There are numerous benchmarks available online that show how C/C++ is generally a factor or more faster in most scenarios. Even with clever jit technologies like Numba it is, in general, nowhere near as fast as C/C++. Sure, in some very specific benchmarks it can get close but in general use no. In the end Python/cython/numba/numpy etc. can't beat the fact that in C/C++ you have full control of cache lines and memory layout and with these mechanism you can achieve the best possible performance.
I'm the kind of developer that cares about performance in any context and I'm not going to compromise my performance by writing my applications in Python and then have to depend on various Python modules to minimize the performance gap. That is my opinion, and in professional context I feel even stronger about this.

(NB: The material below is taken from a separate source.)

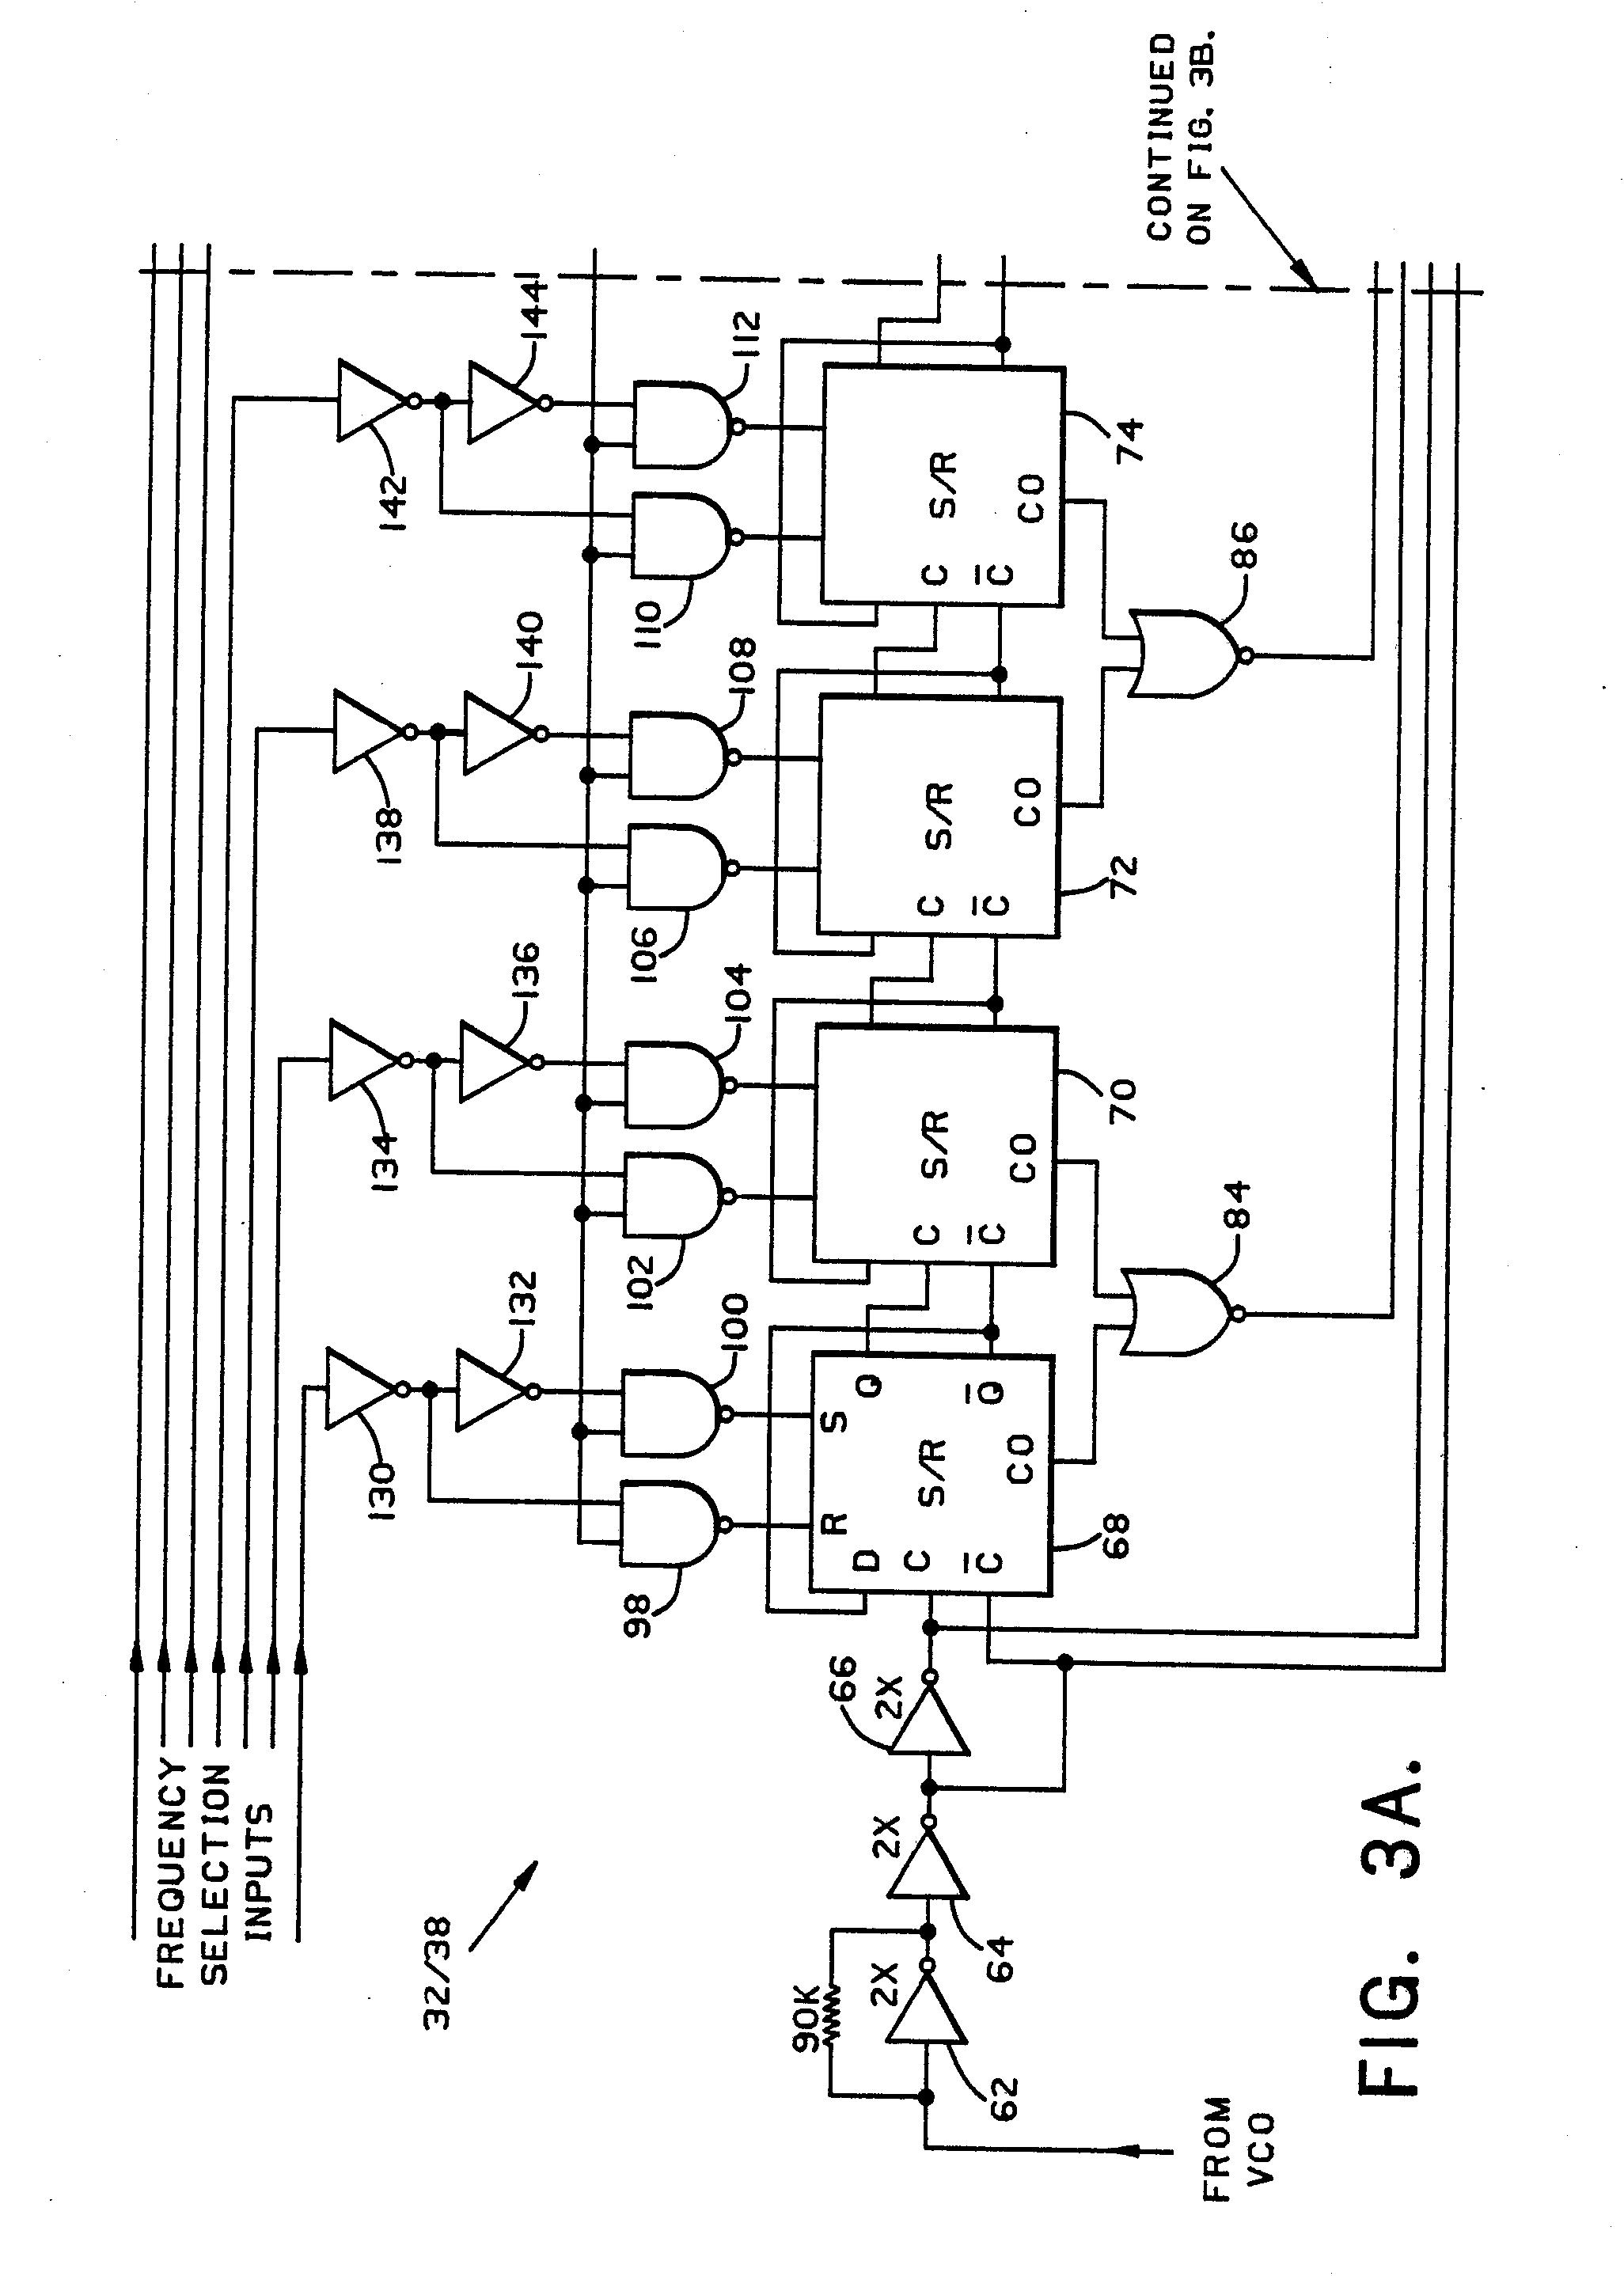 patente ep0268492a2 - a common bus multimode sensor system

The problem is that what you are saying is relevant if you are writing close to the metal application (btw, I do wonder how you perform a "full control of cache lines" - you can at best ask for continuous memory allocation and certain alignment). None of this is at all relevant for an application which is spending 99.9% of its time waiting for a character to appear on a file descriptor - such as a terminal emulator. Or pretty much any application that has an UI.

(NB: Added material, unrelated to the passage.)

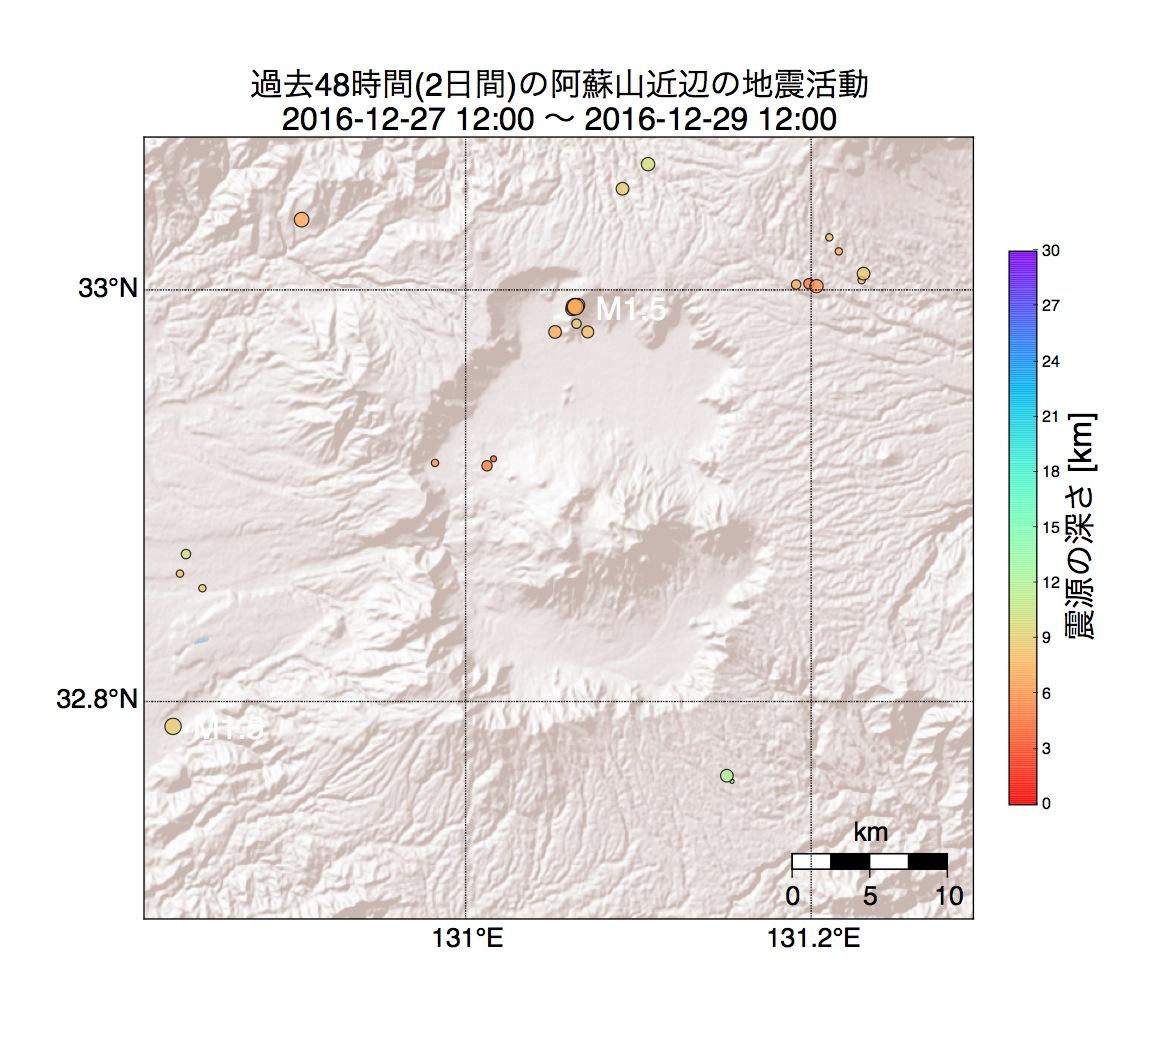 http://jishin.chamu.org/aso/20161229_1.jpg

What matters a lot, though, is developer's productivity, because it is directly related to how costly (or not) is the project for the company. The entire time is money etc. thing. Once your job becomes writing complex algorithms that involve a lot of math, networking or anything else not covered by the standard C/C++ libraries you will start to appreciate stuff like a good set of libraries and an expressive programming language (be it Python, Julia, Haskell, C# or whatever else).
Why do you think Java and C# became so popular? They have large runtimes, Java is terribly verbose and both are horrible for anything system level. However, both have enormous libraries of code available that make handling common tasks a breeze in them. Try to do e.g. any sensible (aka complex) networking in C/C++ without e.g. Boost or something like 0MQ or ACE and then do the same in C# only using standard libraries and you will see what I am talking about.

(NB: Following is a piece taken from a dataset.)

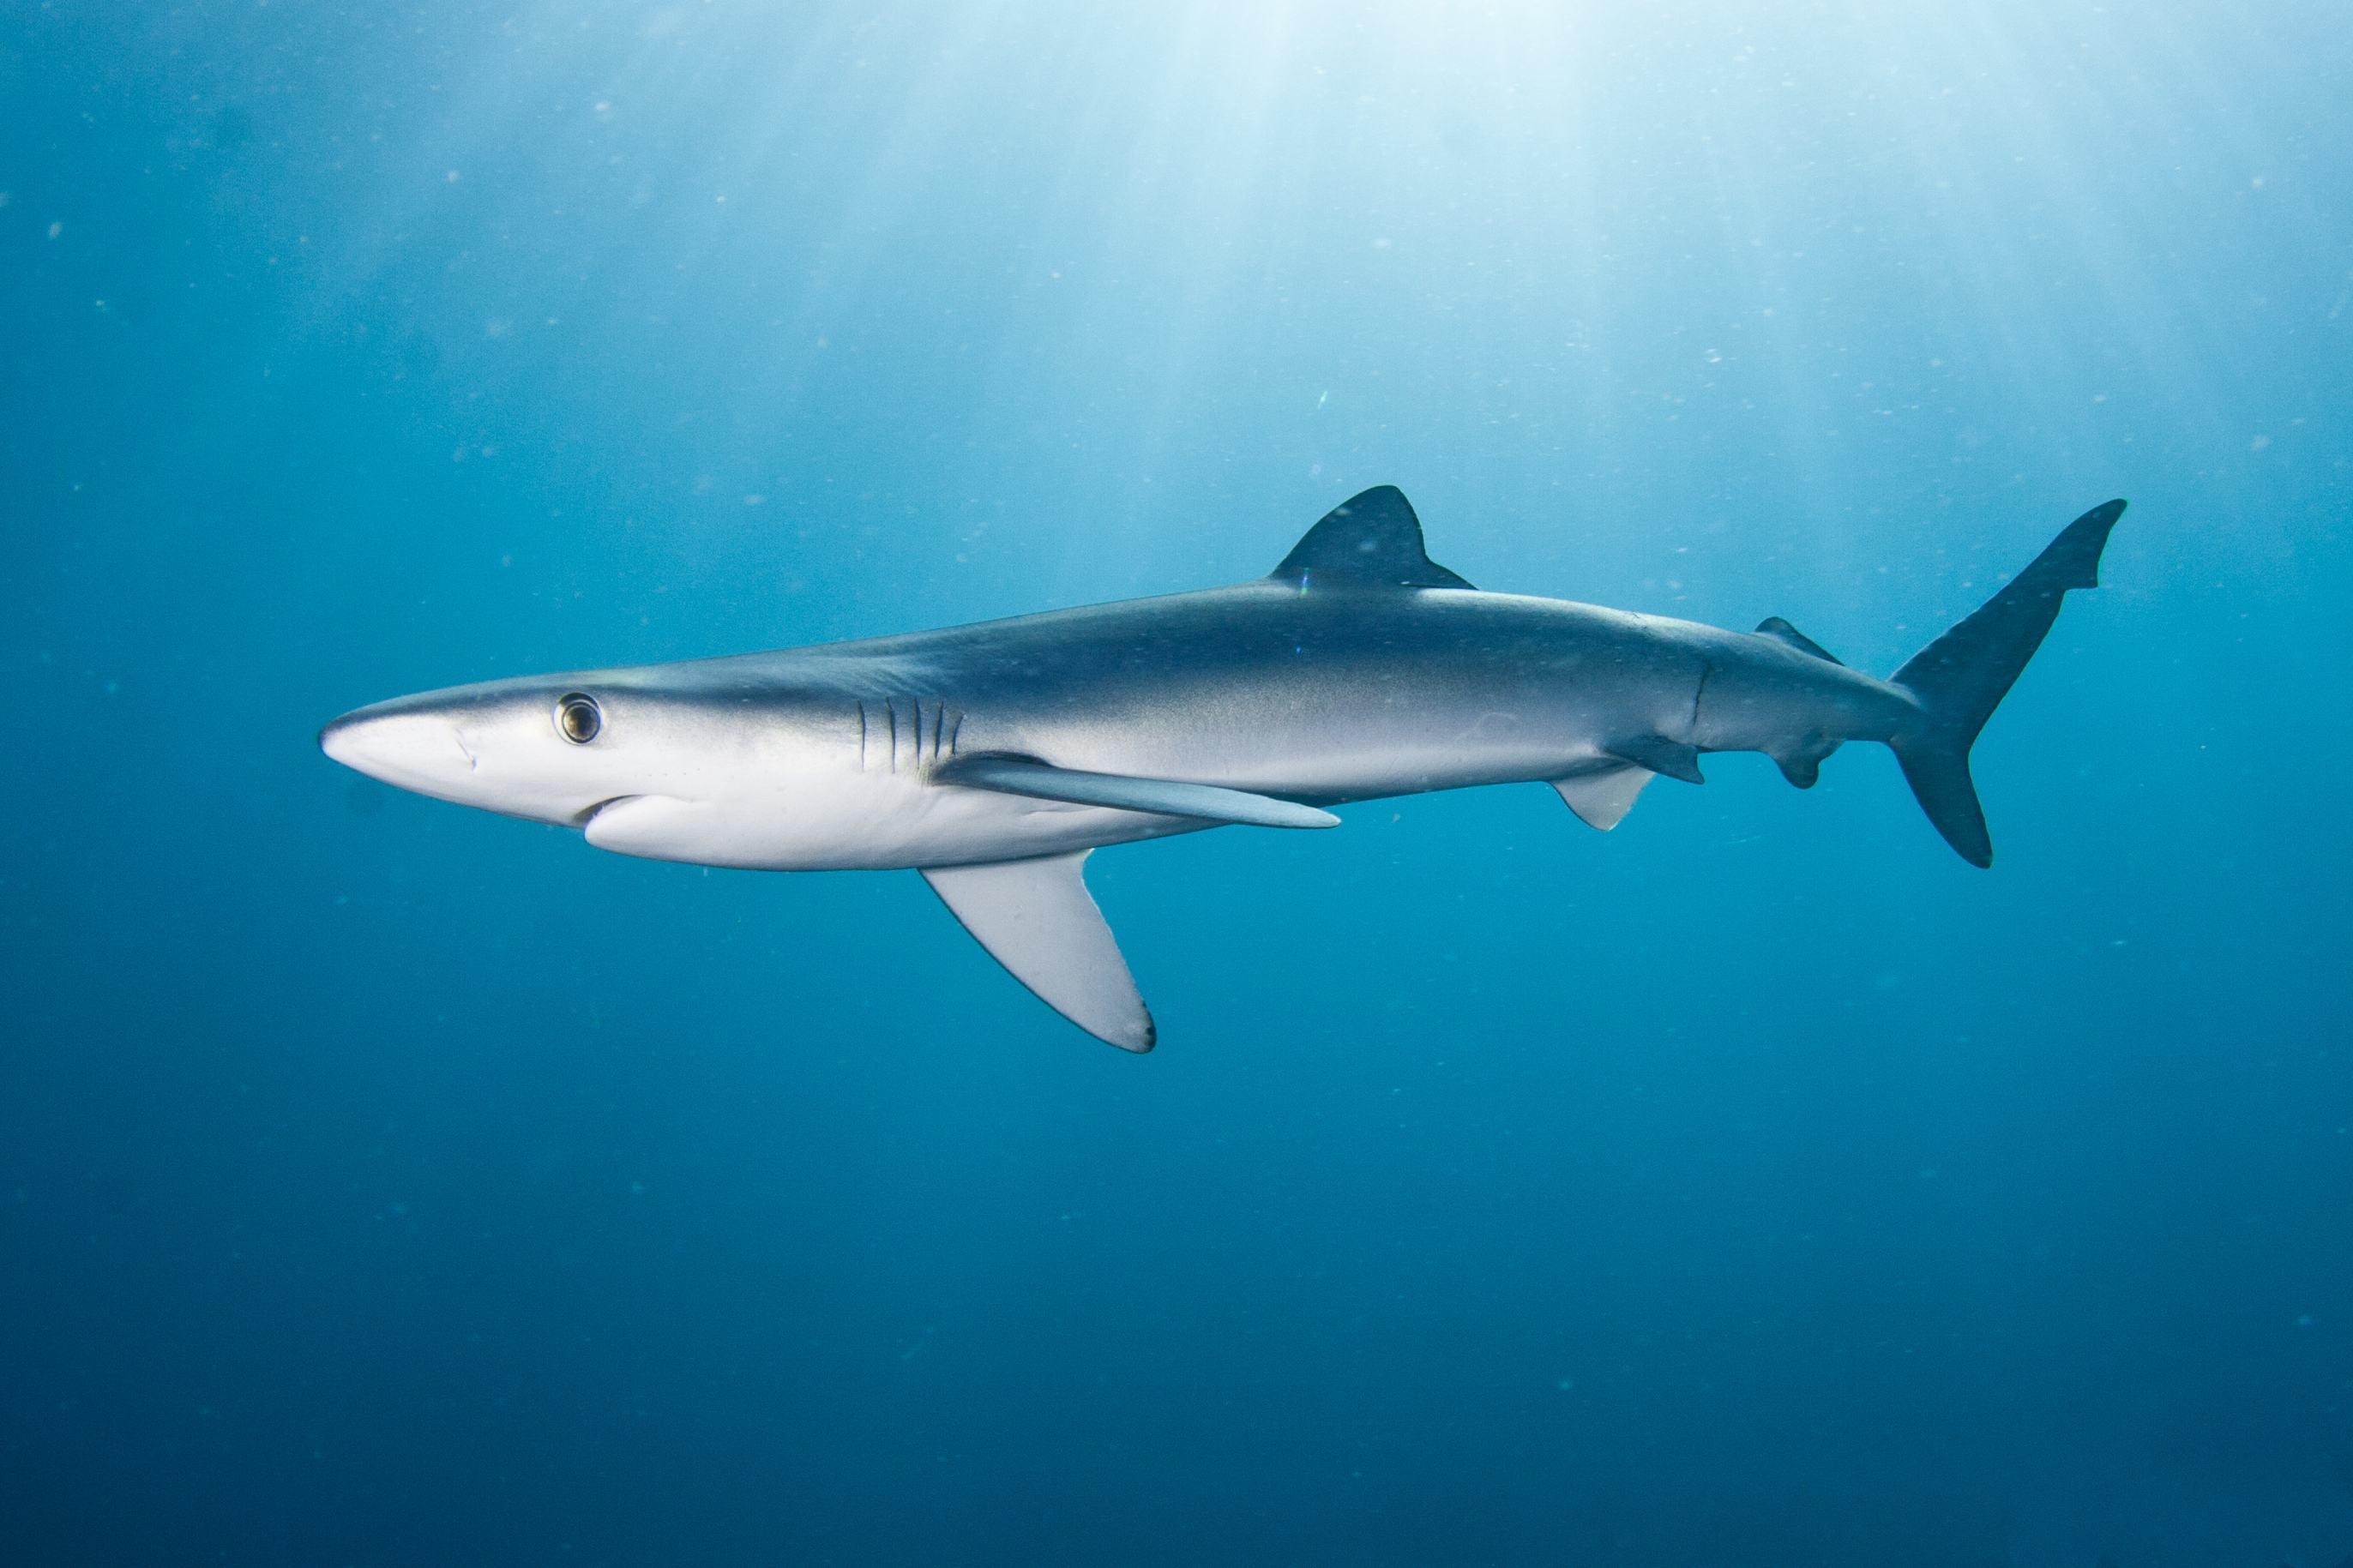 download shark wallpapers wallpaper - photo #41

I have nothing against C or C++ and I still write tons of code in them but treating them as a sort of holy grail that nothing ever comes close to is totally counterproductive. I could spend a week or two writing an embedded web server in C++ for an application. Or I can write 5 lines of Python and be done in 30 minutes and move on to solving actual problems that the client actually pays me money for.
If I have learned something over my career, it was not becoming an expert in a programming language. A much more important skill is using the right tool for the job and keeping eyes open to new things instead of being stuck on incorrect assumptions because you have seen something in the past and didn't like it.
Yet, many Python applications you find still crash with the default Python type stack trace - it's not pretty.
Yes and a lot of C/C++ applications crash with the segmentation fault error or a bus error. That is even less pretty because nobody has any clue why. But perhaps it is more acceptable because users are used to applications just closing on them? That's really a silly point to make, IMO.